The voice server application (188) in this example is configured to receive, from a speech-enabled client device located remotely and in data communication with the voice server through network 100, digitized speech for recognition from a user and pass the speech along to the ASR engine (150) for recognition. In carrying out automated speech recognition, the ASR engine receives speech for recognition in the form of at least one digitized word and uses frequency components of the digitized word to derive a speech feature vector or SFV. An SFV may be defined, for example, by the first twelve or thirteen Fourier or frequency domain components of a sample of digitized speech. The ASR engine can use the SFV to infer phonemes for the word from the language-specific acoustic model (108). The ASR engine then uses the phonemes to find the word in the lexicon (106).

Also stored in RAM is a VoiceXML interpreter (192), a module of computer program instructions that processes VoiceXML grammars. VoiceXML input to VoiceXML interpreter (192) may originate, for example, from VoiceXML clients running remotely on speech-enabled devices, from X+V clients running remotely on speech-enabled devices, from SALT clients running on speech-enabled devices, from Java client applications running remotely on multimedia devices, and so on. In this example, VoiceXML interpreter (192) interprets and executes VoiceXML segments representing voice dialog instructions received from remote speech-enabled devices and provided to VoiceXML interpreter (192) through voice server application (188).

A speech-enabled application may provide voice dialog instructions, VoiceXML segments, VoiceXML <form> elements, and the like, to VoiceXML interpreter (149) through data communications across a network with such a speech-enabled application. The voice dialog instructions include one or more grammars, data input elements, event handlers, and so on, that advise the VoiceXML interpreter how to administer voice input from a user and voice prompts and responses to be presented to a user. The VoiceXML interpreter administers such dialogs by processing the dialog instructions sequentially in accordance with a VoiceXML Form Interpretation Algorithm (FIX) (193). The VoiceXML interpreter interprets VoiceXML dialogs provided to the VoiceXML interpreter by a speech-enabled application.

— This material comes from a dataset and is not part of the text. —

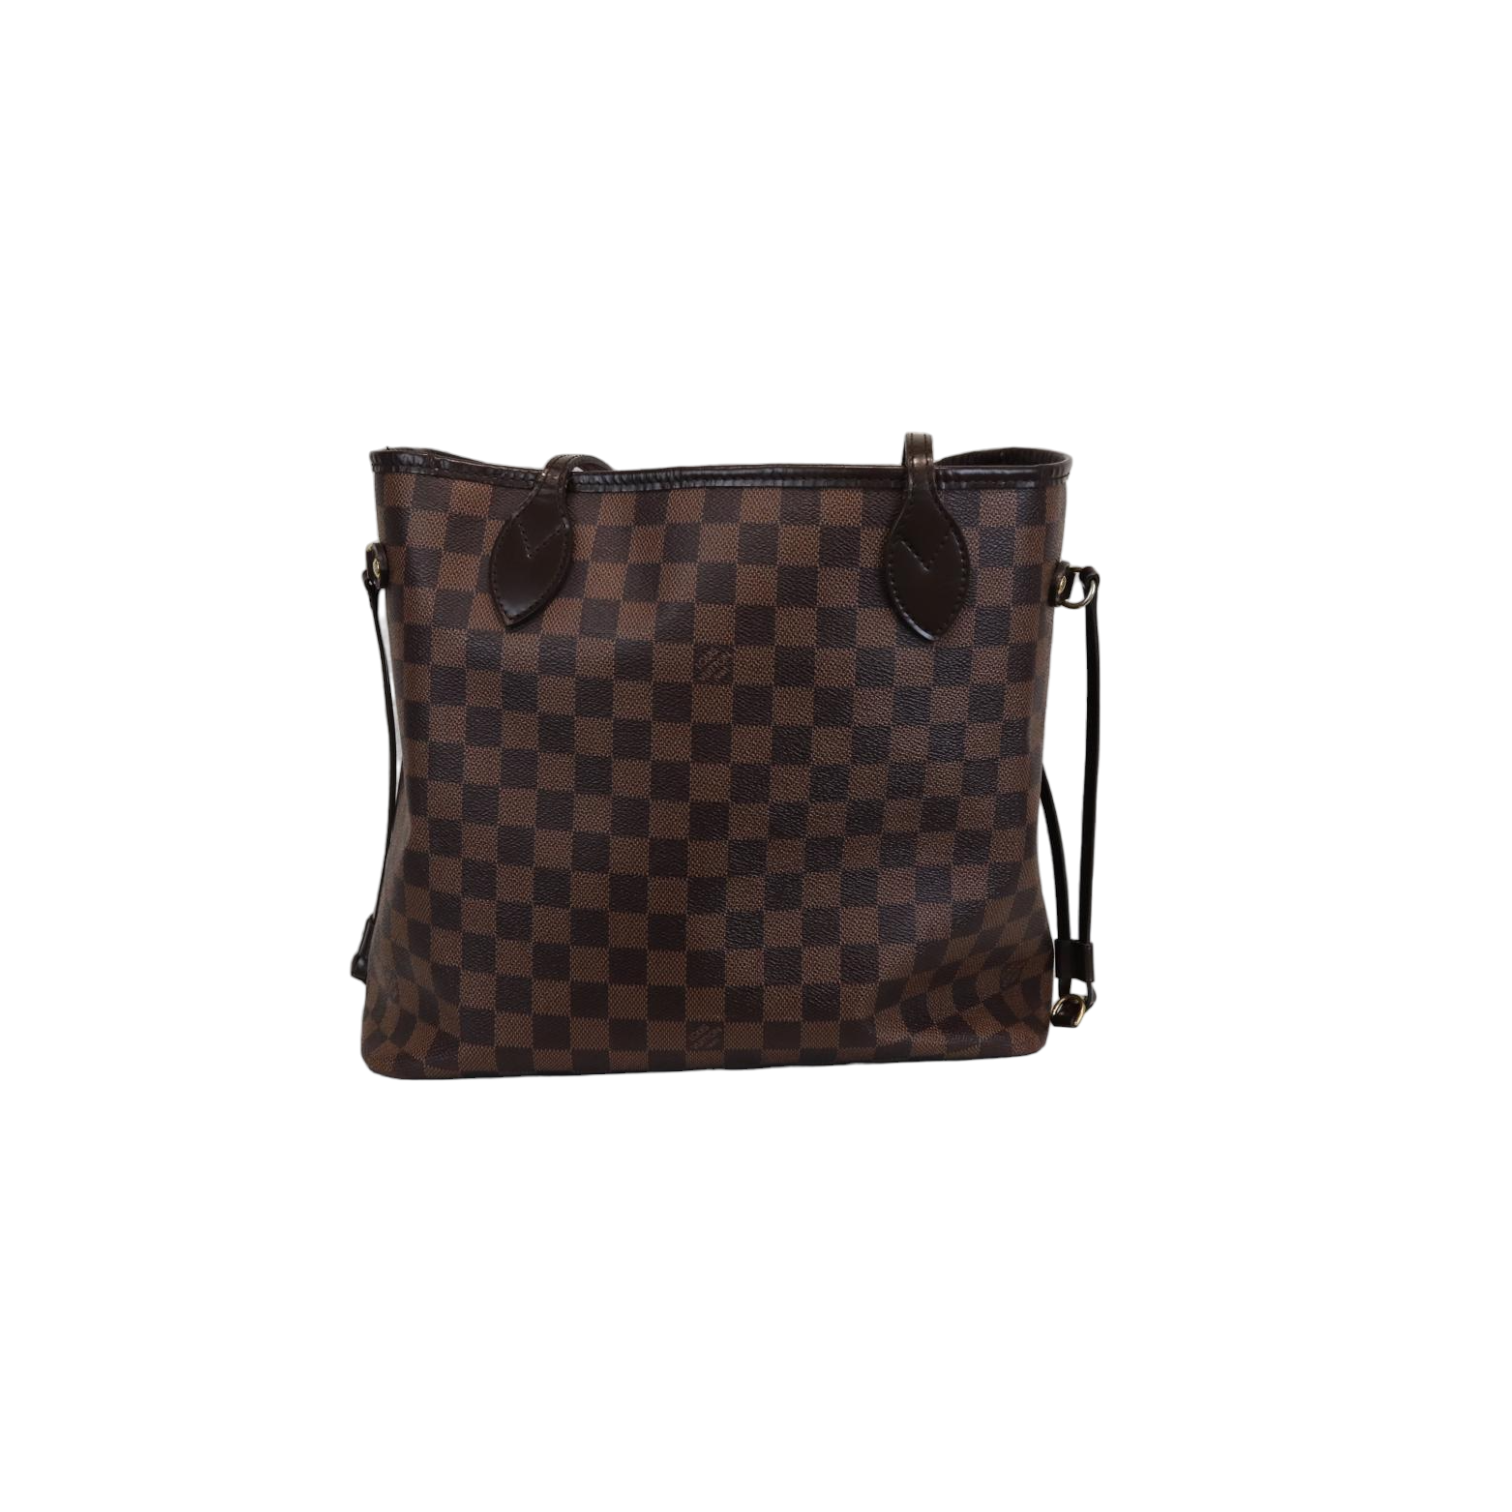 Louis Vuitton Neverfull Limited Edition Stripes Tote bag in brown canvas,  GHW

As mentioned above, a Form Interpretation Algorithm (‘FIA’) drives the interaction between the user and a speech-enabled application. The FIA is generally responsible for selecting and playing one or more speech prompts, collecting a user input, either a response that fills in one or more input items, or an execution of an event, and interpreting actions that pertained to the newly filled-in input items. The FIA also handles speech-enabled application initialization, grammar activation and deactivation, entering and leaving forms with matching utterances and many other tasks. The FIA also maintains an internal prompt counter that is increased with each attempt to provoke a response from a user. That is, with each failed attempt to prompt a matching speech response from a user an internal prompt counter is incremented.

Also stored in RAM (168) is an operating system (154). Operating systems useful in voice servers according to embodiments of the present technology include UNIX™, Linux_TM, Microsoft NT_TM, AIX_TM, IBM's i5/OS_TM, and others. Operating system (154), voice server application (188), VoiceXML interpreter (192), ASR engine (150), JVM (102), and TTS Engine (194) in the example of FIG. 6 are shown in

RAM (168). In some implementations, one or more of the components depicted in FIG. 6 can be stored in non-volatile memory also, for example, on a disk drive (170).

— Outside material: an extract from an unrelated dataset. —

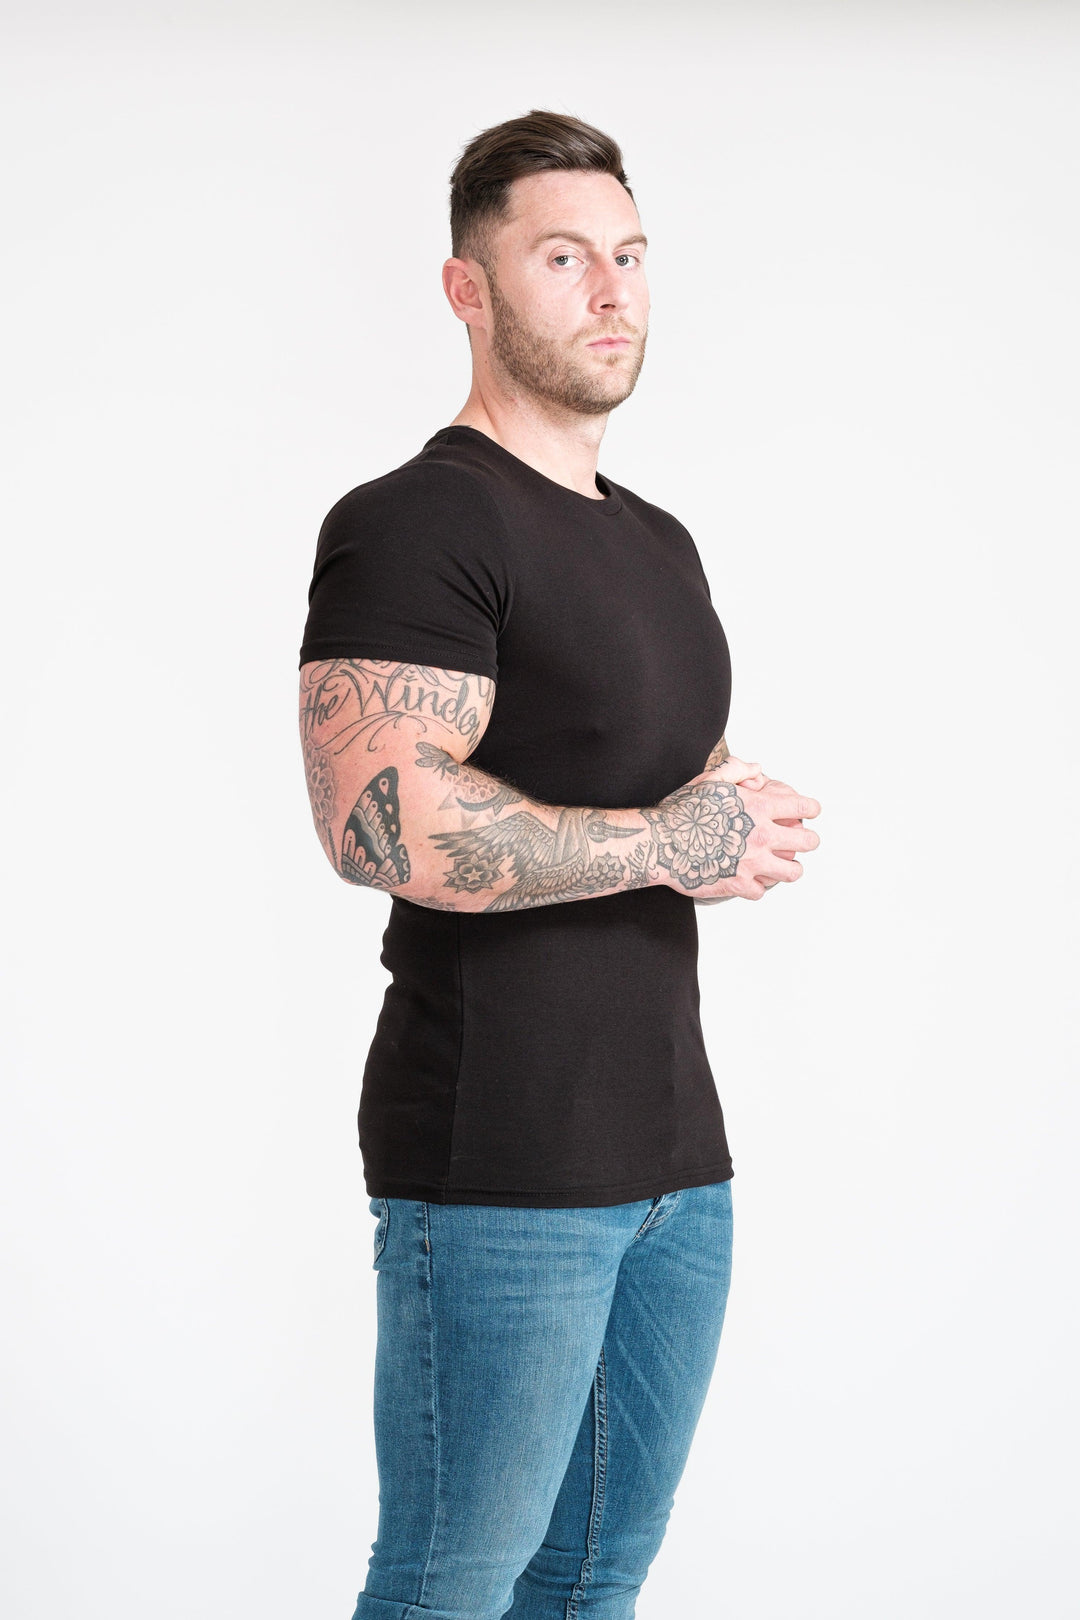 Mens Black Muscle Fit T-Shirt. A Proportionally Fitted and Muscle Fit T Shirt. Ideal for muscular guys.

Voice server (151) of FIG. 6 includes bus adapter (158), a computer hardware component that contains drive electronics for high-speed buses, the front side bus (162), the video bus (164), and the memory bus (166), as well as drive electronics for the slower expansion bus (160). Examples of expansion buses useful in voice servers according to embodiments of the present technology include Industry Standard Architecture (ISA′) buses and Peripheral Component Interconnect (PCP) buses.

Voice server (151) of FIG. 6 includes disk drive adapter (172) coupled through expansion bus (160) and bus adapter (158) to processor (156) and other components of the voice server (151). Disk drive adapter (172) connects non-volatile data storage to the voice server (151) in the form of disk drive (170). Disk drive adapters useful in voice servers include Integrated Drive Electronics (IDE′) adapters, Small Computer System Interface (SCSI′) adapters, etc. In addition, non-volatile computer memory may be implemented for a voice server as an optical disk drive, electrically erasable programmable read-only memory (so-called ‘EEPROM’ or ‘Flash’ memory), RAM drives, and so on.

The example voice server of FIG. 6 includes one or more input/output (′I/O′) adapters (178). I/O adapters in voice servers implement user-oriented input/output through, for example, software drivers and computer hardware for controlling output to display devices such as computer display screens, as well as user input from user input devices (181) such as keyboards and mice. The example voice server of FIG. includes a video adapter (209), which is an example of an I/O adapter specially designed for graphic output to a display device (180) such as a display screen or computer monitor. Video adapter (209) is connected to processor (156) through a high-speed video bus (164), bus adapter (158), and the front side bus (162), which is also a high-speed bus.

The example voice server (151) of FIG. 6 includes a communications adapter (167) for data communications with other computers (182) and for data communications with a data communications network (100). Such data communications may be carried out serially through RS-232 connections, through external buses such as a Universal Serial Bus (‘USB’), through data communications data communications networks such as IP data communications networks, and in other ways. Communications adapters implement the hardware level of data communications through which one computer sends data communications to another computer, directly or through a data communications network. Examples of communications adapters useful for embodiments of the present technology include modems for wired dial-up communications, Ethernet (IEEE 802.3) adapters for wired data communications network communications, and 802.11 adapters for wireless data communications network communications.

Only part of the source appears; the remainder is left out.